Very slow on T4 instance
I just tried this fp8 model on a T4 instance, it loads but training runs very very slow.
steps: 1%|β | 7/800 [03:17<6:11:57, 28.14s/it, avr_loss=0.305]
Is that normal?
T4 doesn't support bf16, so if you use bf16 or bf16 mixed precision which is required as fp16 produces NaN. But if you set it to bf16 it will convert it to FP32 every time it does a calculation. Use L4 which supports bf16.
Thanks, the fp8 model worked with L4, ETA is 50 minutes this time.
@rockerBOO I did another test on L40S, the fp8 and fp16 model have similar completion time, 17 min vs 18 min, is that normal? Should I expect a performance boost on the fp8 version?
Depends if you are using mixed precision, as usually you'd be coming from fp32 and mixed precision to do it in bf16 or fp16 so a performance increase on the calculations. But with fp8 and doing the calculations at bf16, you're doing it at a higher precision. Would need to do mixed precision at fp8 which is a little more involved and requires third party libraries to do so.
@rockerBOO Have you tried to run flux fp8 on comfyui?

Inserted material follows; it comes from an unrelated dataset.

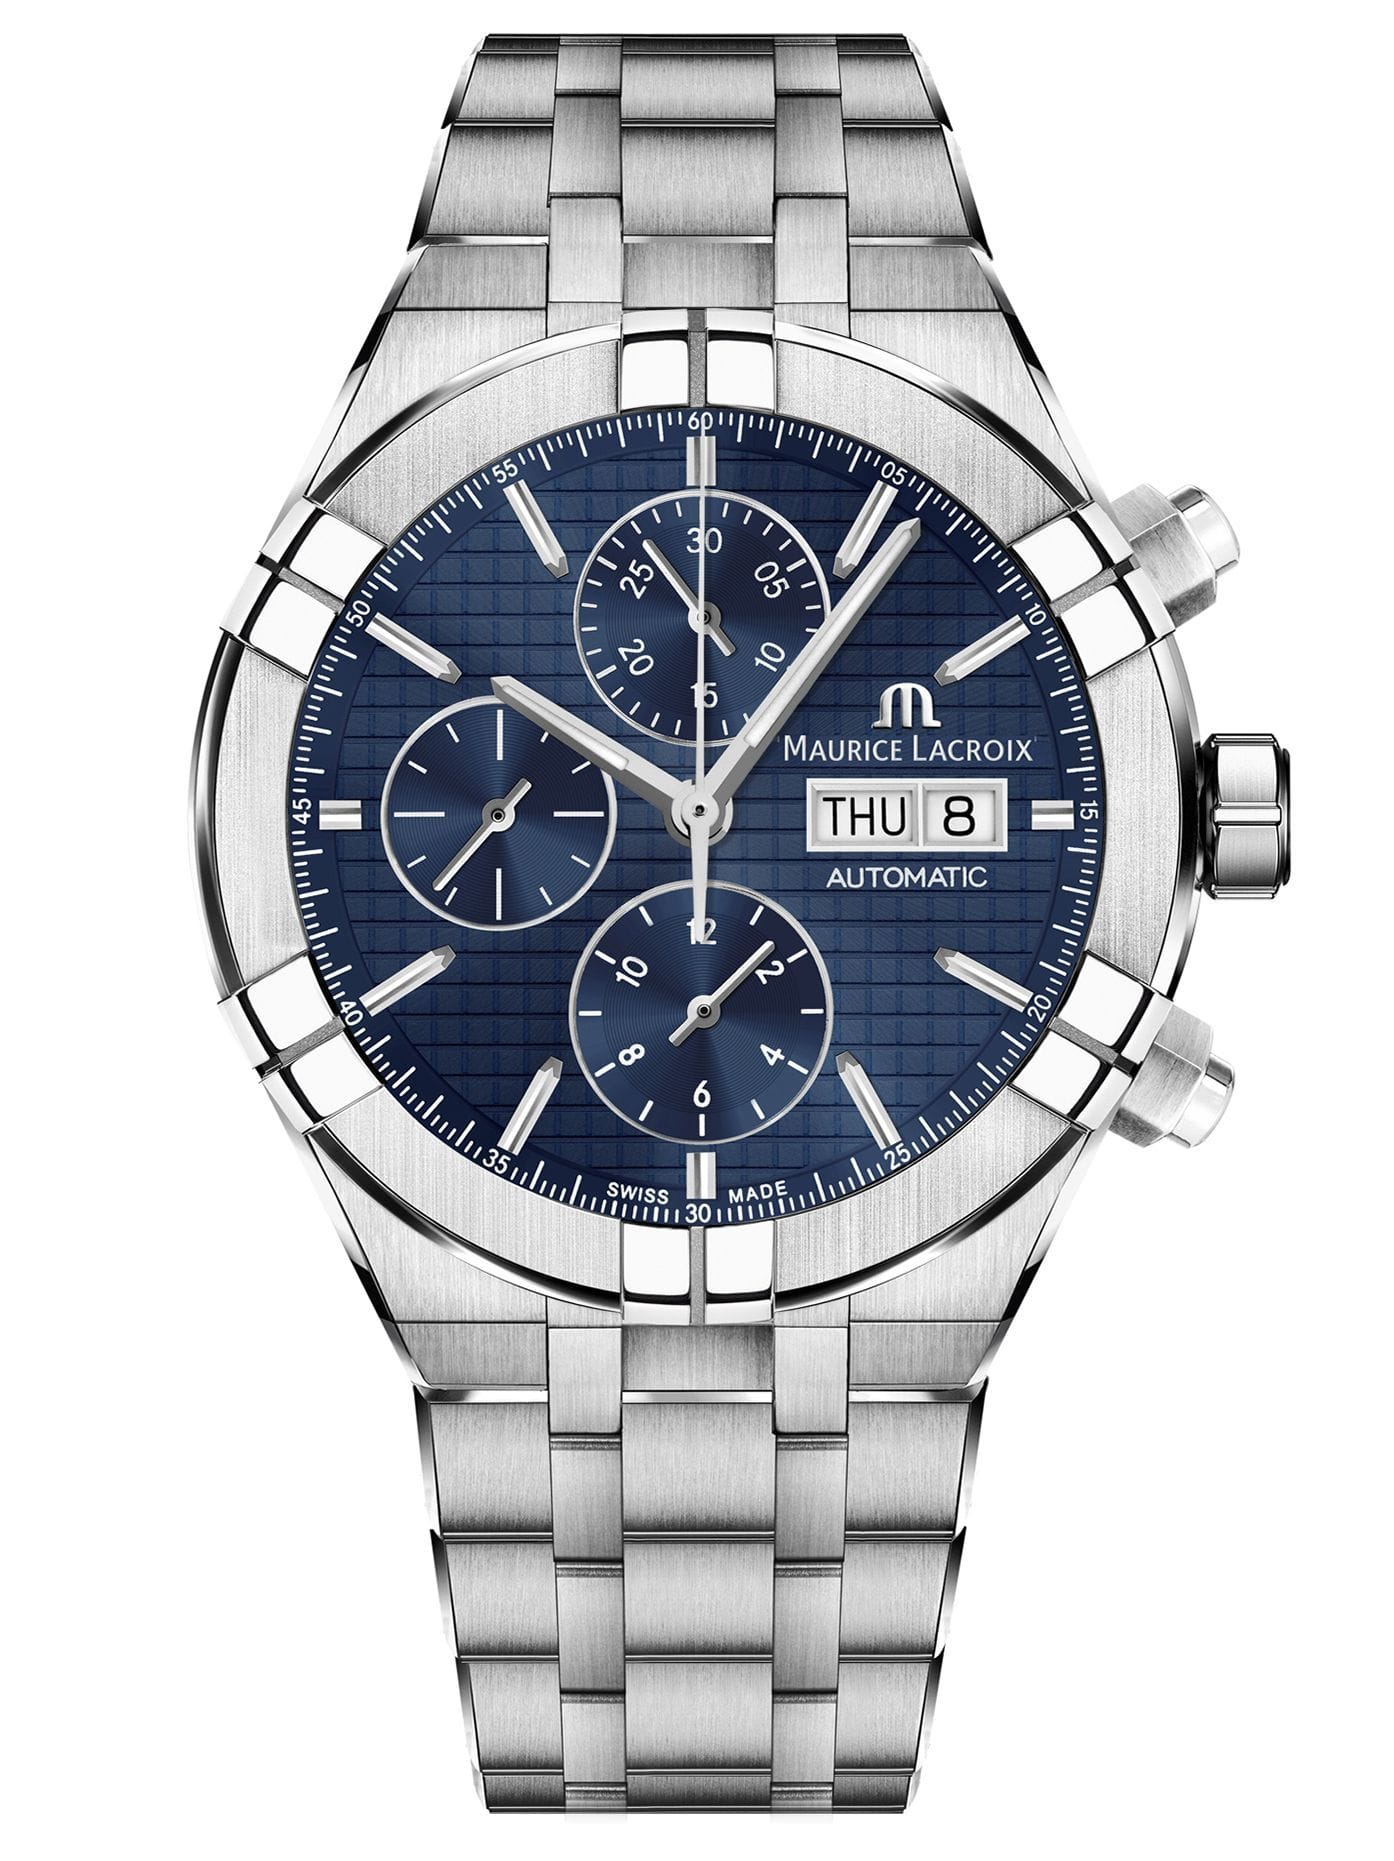 Maurice Lacroix - Swiss Watch | Malaysia's Premier Luxury Watch Retailer

On L40 I tried to run comfyui with flux fp8 version, but it still tries to cast to fp16, any ideas?
model weight dtype torch.float8_e4m3fn, manual cast: torch.bfloat16
I already have added --fp8_e4m3fn-unet
to comfyui cli args, but it still tries to cast it.
well its casting it to bfloat16 so thats fine. The casting is related to when it does the calculations as doing them in fp8 can be problematic unless you have some other libraries that support it better.